Message ID	20190902170258.92522-1-trond.myklebust@hammerspace.com (mailing list archive)
Headers	show Return-Path: <SRS0=i+Nf=W5=vger.kernel.org=linux-nfs-owner@kernel.org> From: Trond Myklebust <trondmy@gmail.com> To: "J.Bruce Fields" <bfields@redhat.com> Cc: linux-nfs@vger.kernel.org Subject: [PATCH v2 0/4] Handling NFSv3 I/O errors in knfsd Date: Mon, 2 Sep 2019 13:02:54 -0400 Message-Id: <20190902170258.92522-1-trond.myklebust@hammerspace.com> MIME-Version: 1.0 Content-Transfer-Encoding: 8bit Sender: linux-nfs-owner@vger.kernel.org Precedence: bulk
Series	Handling NFSv3 I/O errors in knfsd \| expand [v2,0/4] Handling NFSv3 I/O errors in knfsd [v2,1/4] nfsd: nfsd_file cache entries should be per net namespace [v2,2/4] nfsd: Support the server resetting the boot verifier [v2,3/4] nfsd: Don't garbage collect files that might contain write errors [v2,4/4] nfsd: Reset the boot verifier on all write I/O errors

Message ID

20190902170258.92522-1-trond.myklebust@hammerspace.com (mailing list archive)

Headers

From: Trond Myklebust <trondmy@gmail.com>
To: "J.Bruce Fields" <bfields@redhat.com>
Cc: linux-nfs@vger.kernel.org
Subject: [PATCH v2 0/4] Handling NFSv3 I/O errors in knfsd
Date: Mon,  2 Sep 2019 13:02:54 -0400
Message-Id: <20190902170258.92522-1-trond.myklebust@hammerspace.com>
MIME-Version: 1.0
Content-Transfer-Encoding: 8bit
Sender: linux-nfs-owner@vger.kernel.org
Precedence: bulk

Series

Handling NFSv3 I/O errors in knfsd | expand

Message

Trond Myklebust Sept. 2, 2019, 5:02 p.m. UTC

Recently, a number of changes went into the kernel to try to ensure
that I/O errors (specifically write errors) are reported to the
application once and only once. The vehicle for ensuring the errors
are reported is the struct file, which uses the 'f_wb_err' field to
track which errors have been reported.

The problem is that errors are mainly intended to be reported through
fsync(). If the client is doing synchronous writes, then all is well,
but if it is doing unstable writes, then the errors may not be
reported until the client calls COMMIT. If the file cache has
thrown out the struct file, due to memory pressure, or just because
the client took a long while between the last WRITE and the COMMIT,
then the error report may be lost, and the client may just think
its data is safely stored.

Note that the problem is compounded by the fact that NFSv3 is stateless,
so the server never knows that the client may have rebooted, so there
can be no guarantee that a COMMIT will ever be sent.

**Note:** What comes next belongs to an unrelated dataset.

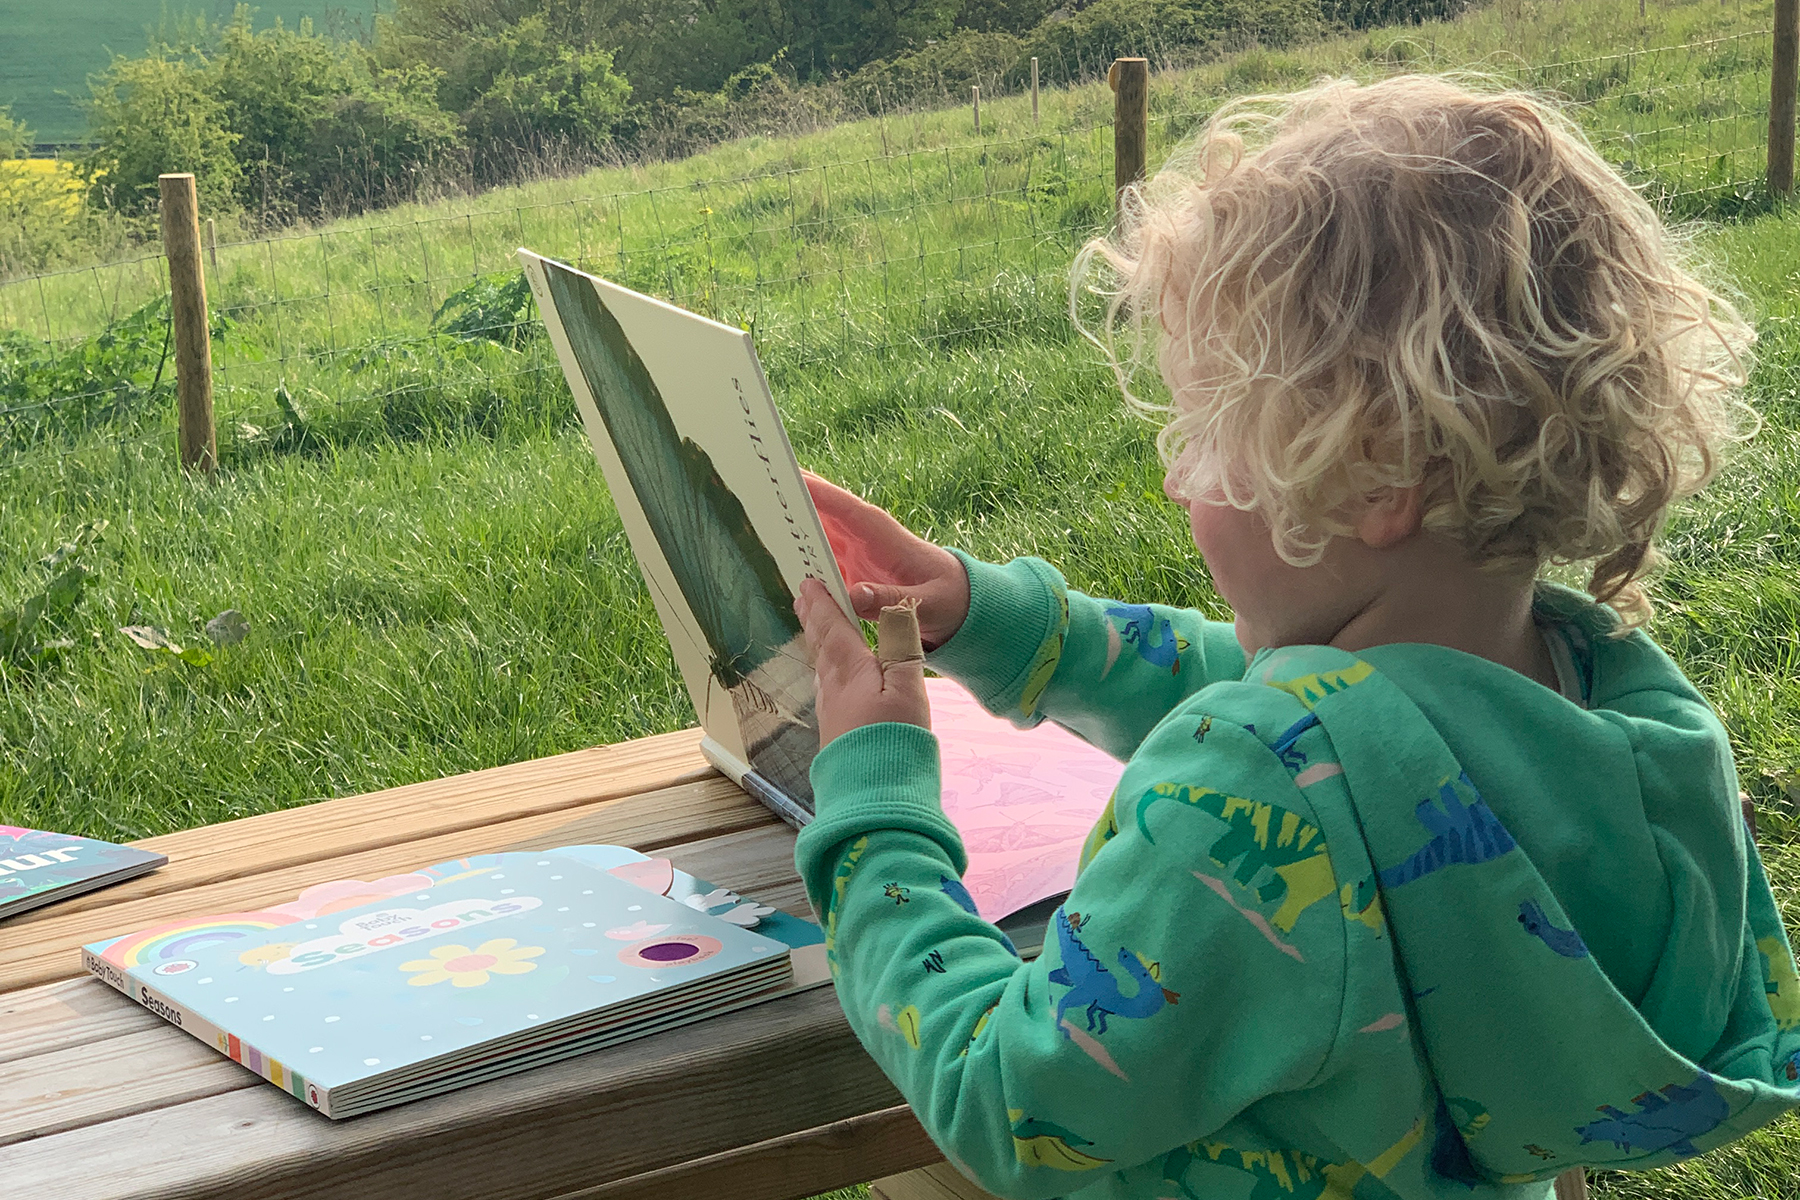 A photo of a young blonde haired child reading a Ladybird book against a beautiful field background

The following patch set attempts to remedy the situation using 2
strategies:

1) If the inode is dirty, then avoid garbage collecting the file
   from the file cache.
2) If the file is closed, and we see that it would have reported
   an error to COMMIT, then we bump the boot verifier in order to
   ensure the client retransmits all its writes.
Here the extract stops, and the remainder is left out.